Not because Tormund had moved, but because Dane now understood that Blink was no longer an asset.
Dane planted his feet and raised his left hand.
Timefire bloomed.
Twenty-four phantom projectiles fanned outward in a staggered arc, each one screaming through fractured seconds, their paths overlapping and diverging in ways that hurt to look at. Only one was real. Dane chose it at the last possible instant.
Tormund reacted anyway.
The long sword moved, precise and economical, intercepting three false trajectories before they could collapse. The short sword came up a heartbeat later, carving through another cluster as if cutting smoke.

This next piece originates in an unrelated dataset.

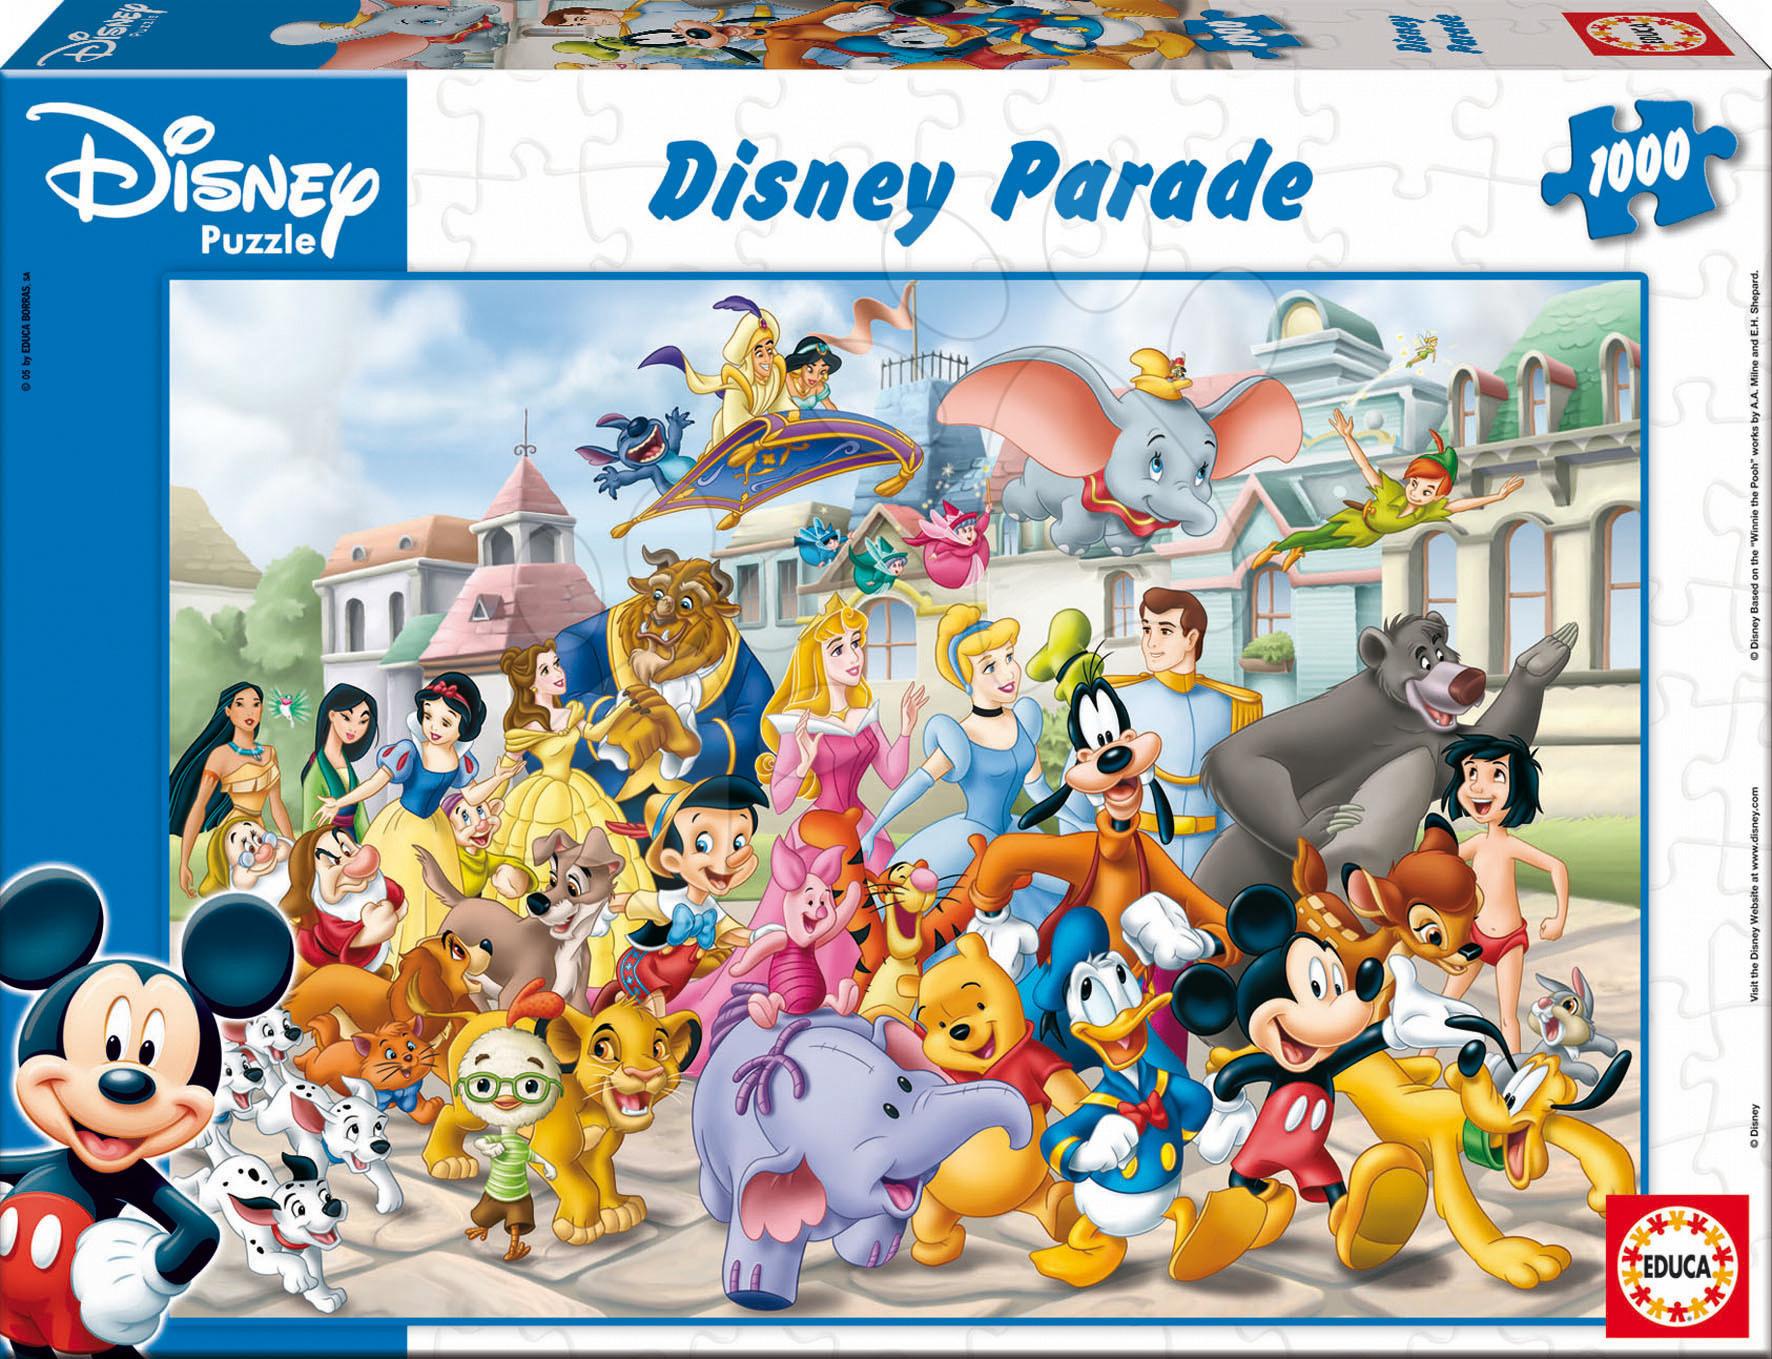 Puzzle Disney Parade Educa 1000 dielov od 12 rokov

The real shot slipped past them.
It struck Tormund square in the chest.
The impact barely phased the Titan.
The force only drove him back half a step, armor ringing as the delayed temporal collapse detonated a fraction of a second later. Dust and fractured light exploded outward, time snapping back into place with a concussive crack.
Space folded.
A portal tore open at his side, a ragged oval of distorted air that showed another section of the arena floor, broken stone, jagged and unstable. He stepped through without breaking stride, emerging twenty paces away as the portal snapped shut behind him.
Tormund didn't hesitate.
He stepped into the space Dane had left behind and vanished.

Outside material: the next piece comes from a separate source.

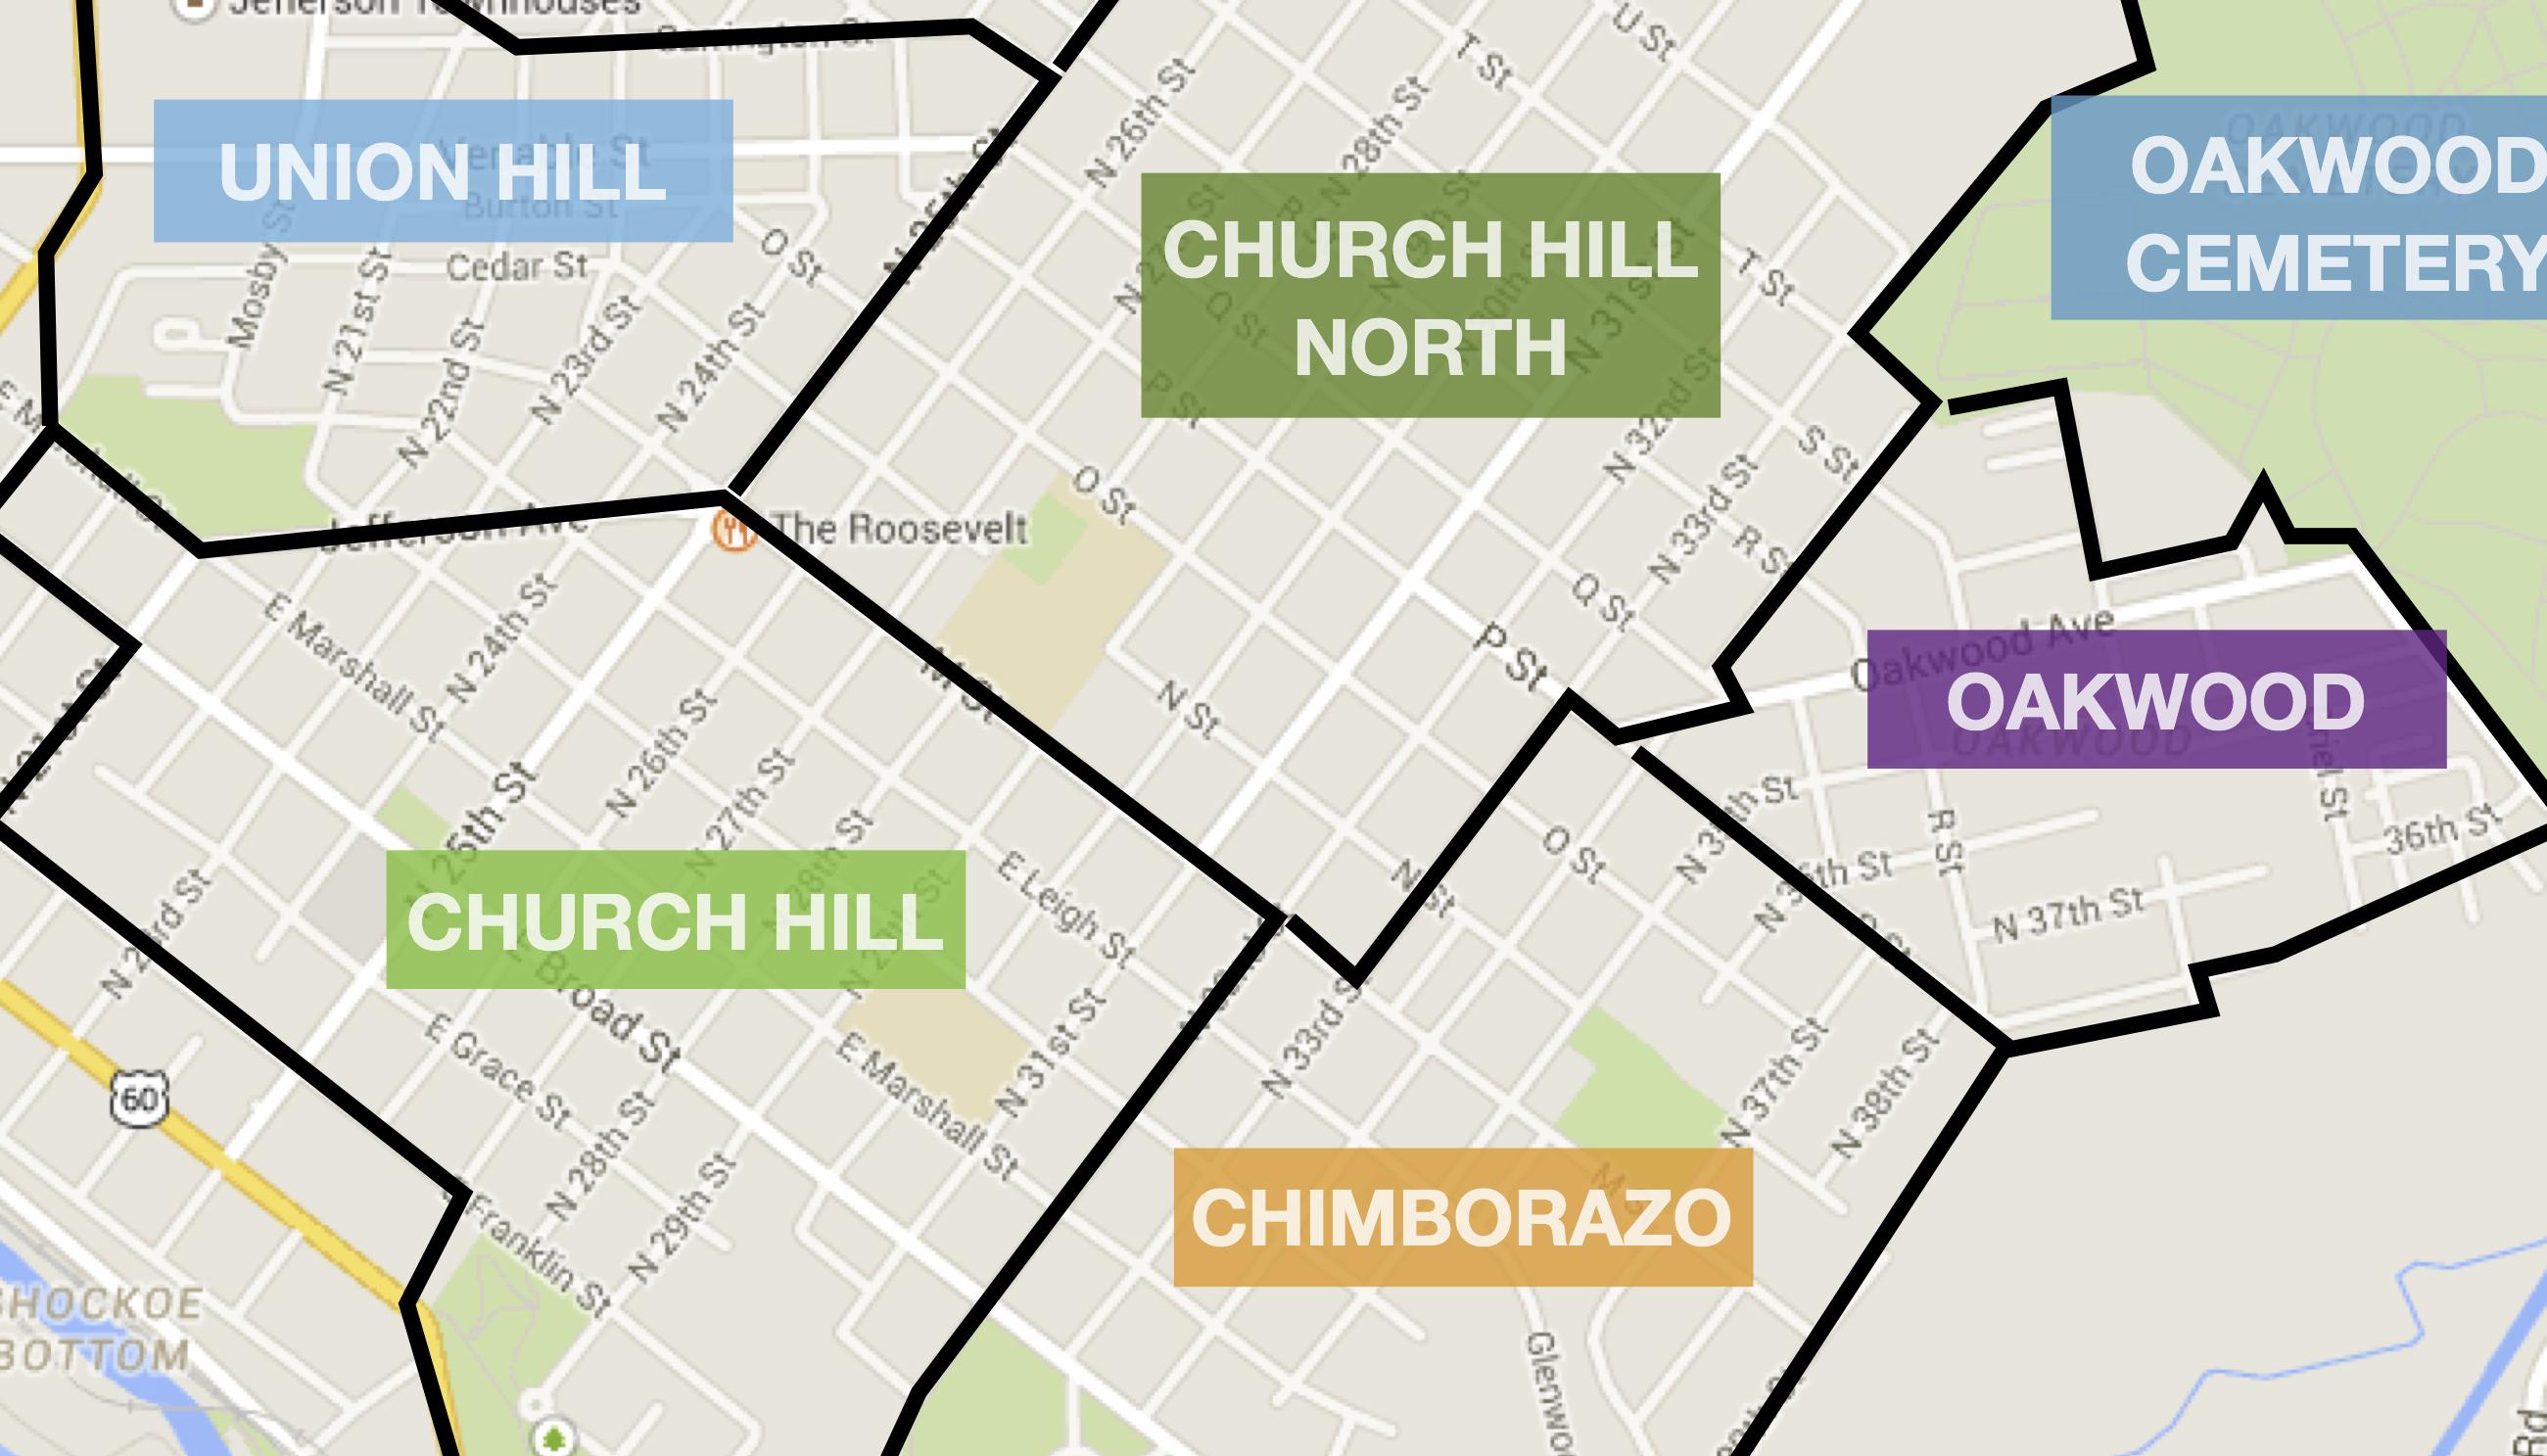 Map Of Richmonds East End Neighborhoods  Church Hill

Dane felt it immediately. The pull. The alignment. The way Space answered Tormund's intent.
So Dane changed it.
The portal twisted mid-transition, its exit re-anchoring in an instant. Instead of solid ground, it now opened thirty feet above the arena wall, angled outward.

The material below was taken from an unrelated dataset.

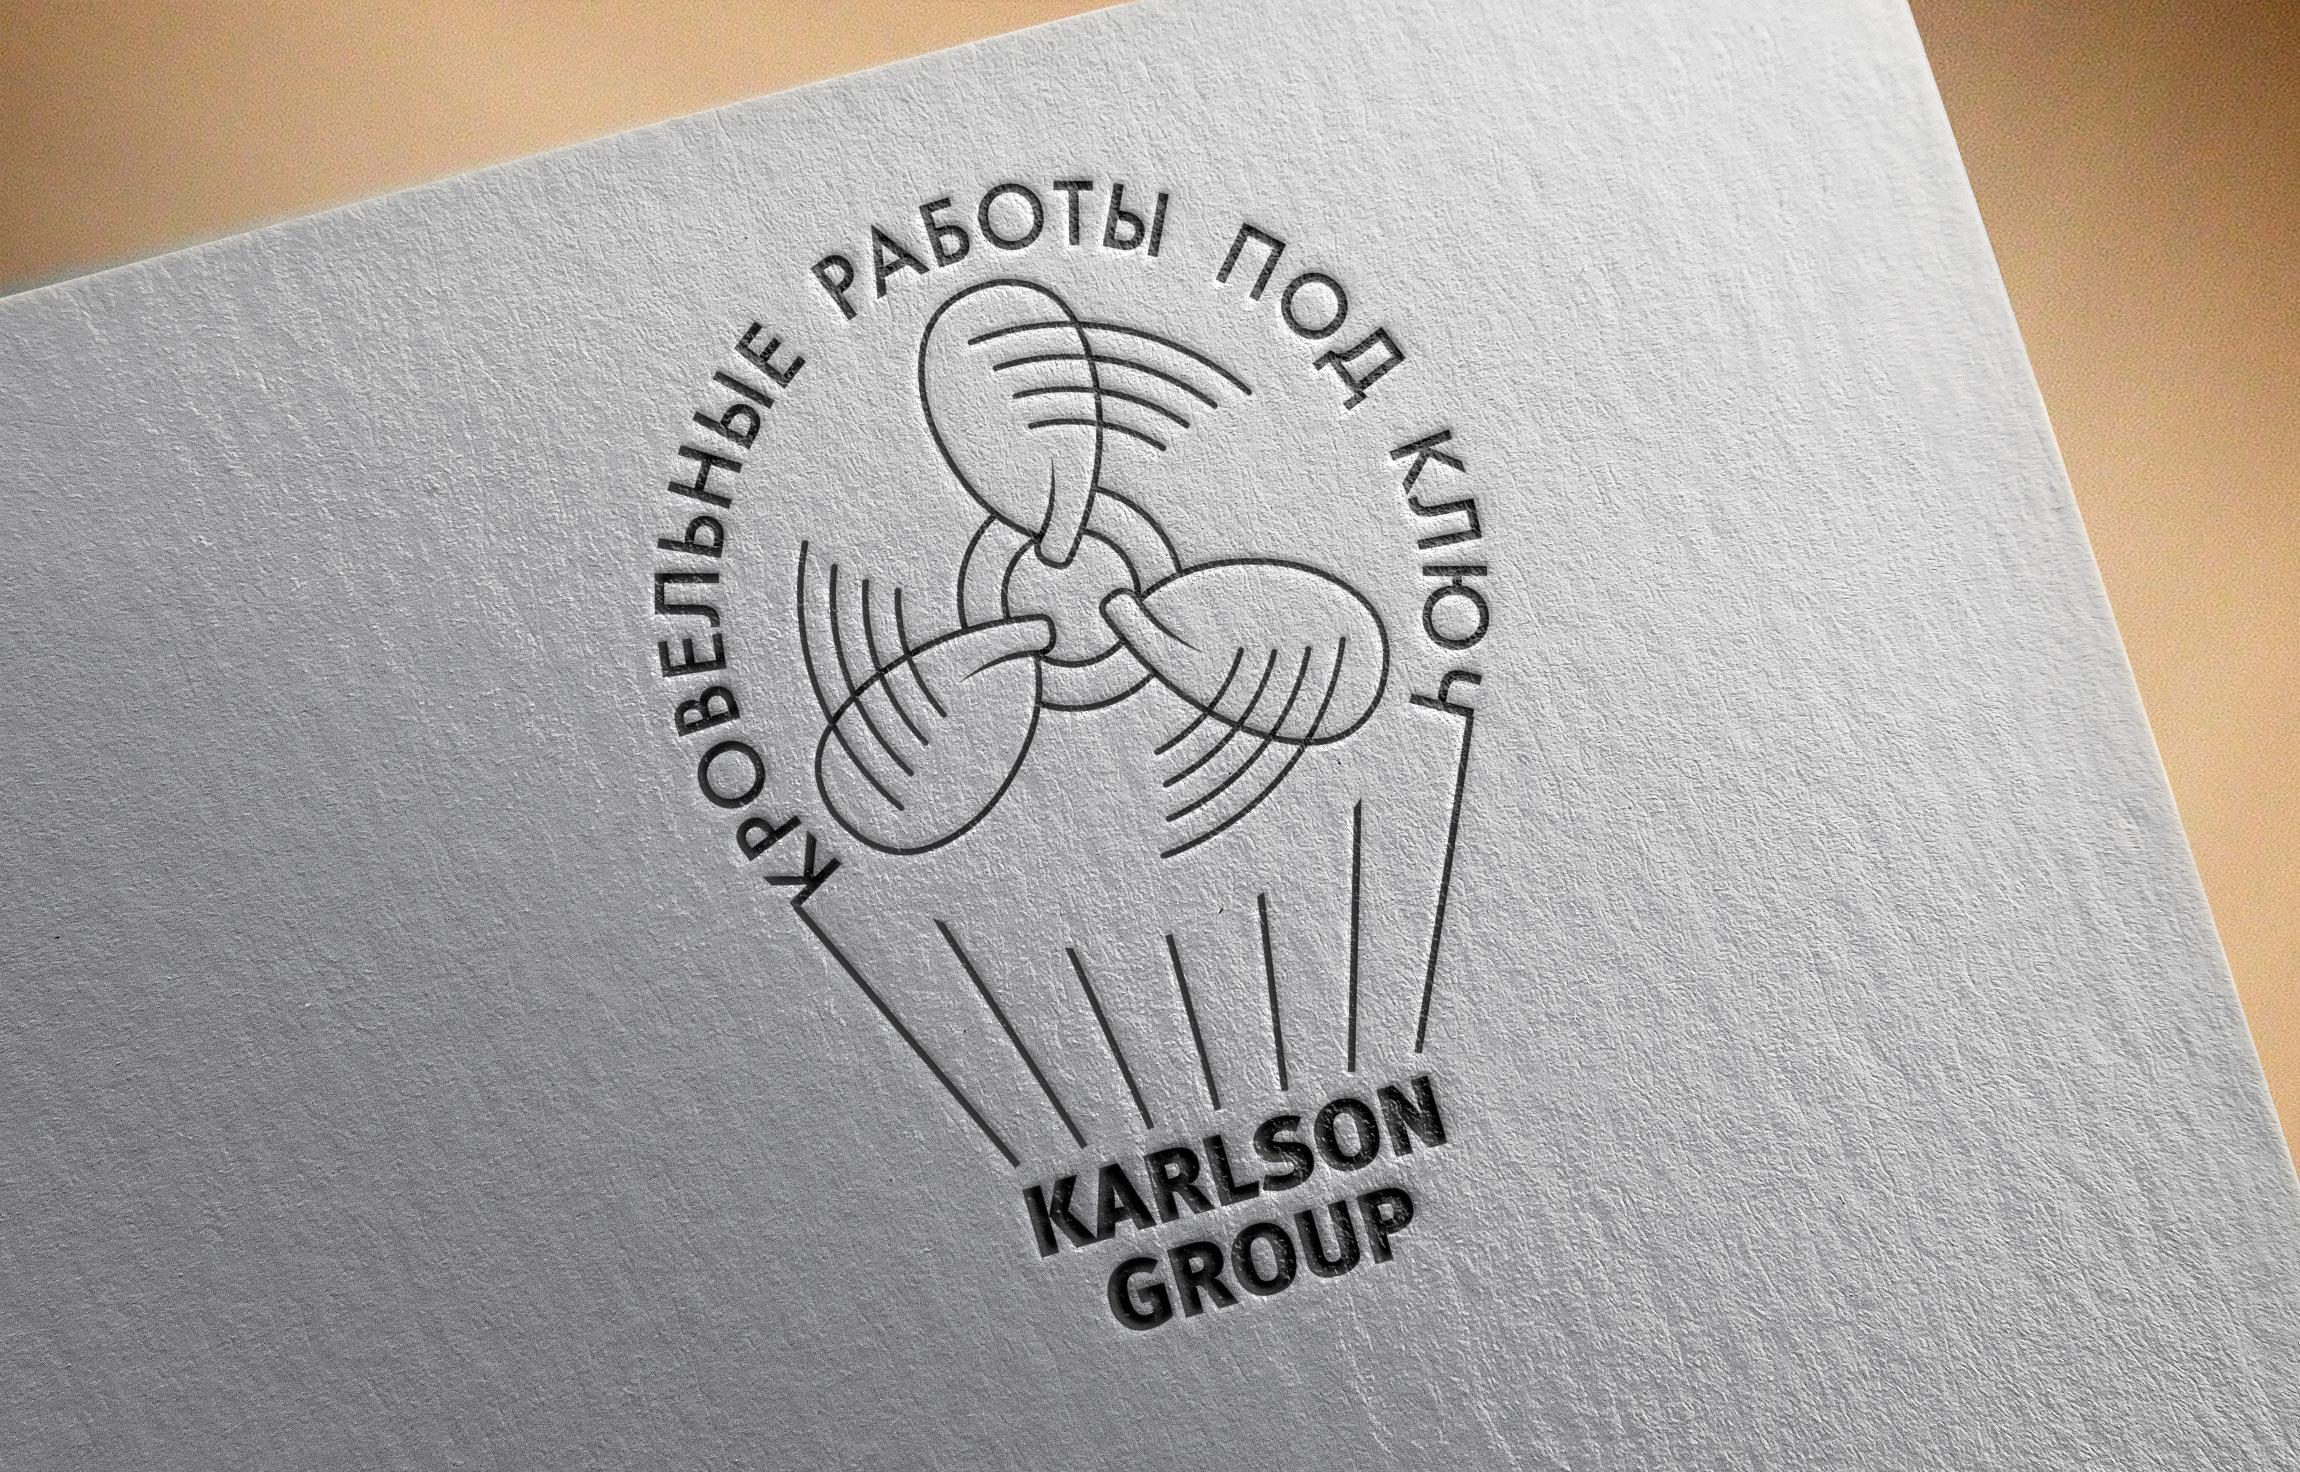 Придумать классный логотип фото f_8975986dc3a40d4a.jpg

Tormund emerged into empty air. The long sword bit into stone as he fell, arresting his fall with brutal precision. He rolled once and came up on his feet, blades already in motion.
"So you can think," he said.
Dane didn't answer. He opened another portal, then another, layering them across the arena like open wounds in space. He shot off Timefire again, phantom rounds threading through the rifts, their trajectories bending and folding as they crossed thresholds that hadn't existed moments before.
For the first time, Tormund slowed.
Not because he was overwhelmed, but because he had to reassess the battlefield. A slight grin bloomed on his face like a child who had solved a puzzle.
He stepped toward one portal, tested it with the tip of his blade. Dane shifted the exit. The sword passed through and reappeared a dozen paces away, slicing empty air.
Tormund withdrew it, nodding once.
"Better," he said quietly.
He stepped forward again.
Dane altered the portal's orientation mid-step, rotating the exit to the side. Tormund emerged at an angle, boots skidding as he corrected, momentum bleeding off for the briefest instant.
Dane used it.
The pickaxe came down hard, Dragon Essence flaring as it struck Tormund's shoulder, the blow ringing like a hammer on an anvil. The impact drove him back a whole step, stone cracking beneath his heel.
It was the first real hit.
Tormund looked down at the fractured armor, then back up at Dane.
A thin smile touched his lips.
"There it is," he said.
Then he moved.
The portals screamed as space buckled under the force of his advance, blades flashing as he cut through collapsing exits and shifting angles. Dane retreated through his own rifts, changing destinations on the fly, dragging the battlefield with him.
But each change cost him.
Mana bled away in heavy chunks. The Ascendant's Core throbbed, pressure building as Dragon Essence strained to compensate.
Tormund felt it.
"Calm down, my candle, you'll burn yourself out," he said calmly, stepping through a portal that shouldn't have been stable. "You should pace yourself.”
Dane slammed a portal shut between them and staggered back, chest heaving.
For the first time, Tormund didn't advance immediately.
He watched Dane with something far from approval.
"I suppose it is time to get serious," Tormund said.